Proving Pascal's Identity algebraically, stuck with simplification

Question

I'm trying to prove Pascal's Identity algebraically but I'm getting stuck... I'm ashamed to say I spent an hour trying to do this with no luck. The various solutions I've seen seem to do steps that I don't understand. Would appreciate if someone could do a detailed walkthrough of this.

Here's what I have so far:

$\frac{(n−1)!}{k!(n−1−k)!} + \frac{(n−1)!}{(k−1)!(n−1−(k−1))!}$

$= \frac{(n−1)!}{k!(n−1−k)!} + \frac{(n−1)!}{(k−1)!(n−k)!}$

$= \frac{((n−1)!(k−1)!(n−k)! + (n−1)!k!(n−1−k)!}{k!(n−1−k)!(k−1)!(n−k)!}$ (I don't even know if this part is right... sigh)

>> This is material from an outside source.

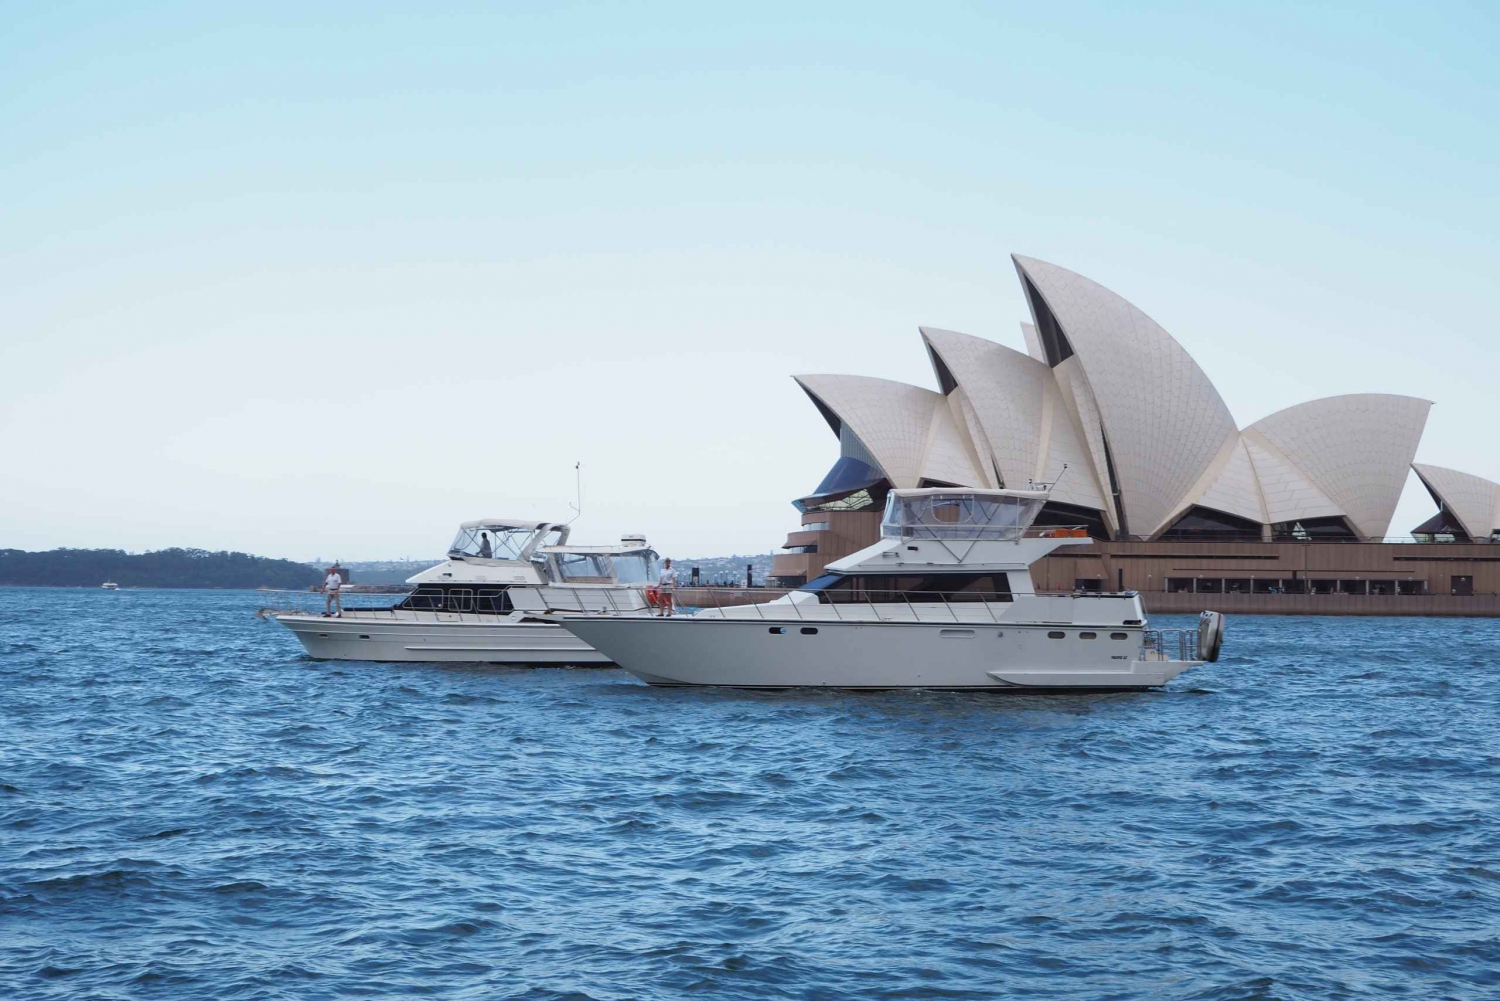 Sydney: Bootstour & Panorama-Sightseeing Tour

Edit: Yes, there are other solutions, but I do not understand them. I'm looking for a more detailed step-by-step solution. I'm clearly having trouble with even basic algebra so sticking with that would be appreciated.

Answer 1

To continue with your approach:

\begin{align*} \frac{(n-1)!}{k!(n-1-k)!} + \frac{(n-1)!}{(k-1)!(n-1-(k-1))!} &= \frac{(n-1)!}{k!(n-1-k)!} + \frac{(n-1)!}{(k-1)!(n-k)!}\\ &\overset{(1)}= \frac{(n-k)\cdot(n-1)!}{k!(n-k)!} + \frac{k\cdot(n-1)!}{k!(n-k)!}\\ &= \frac{(n-k)\cdot(n-1)!+k\cdot(n-1)!}{k!(n-k)!} \\ &= \frac{(n-k+k)\cdot(n-1)!}{k!(n-k)!} \\ &= \frac{n\cdot(n-1)!}{k!(n-k)!} \\ &= \frac{n!}{k!(n-k)!} \end{align*}

$(1)$: Common denominator of $k!(n-1-k)!$ and $(k-1)!(n-k)!$ is $k!(n-k)!$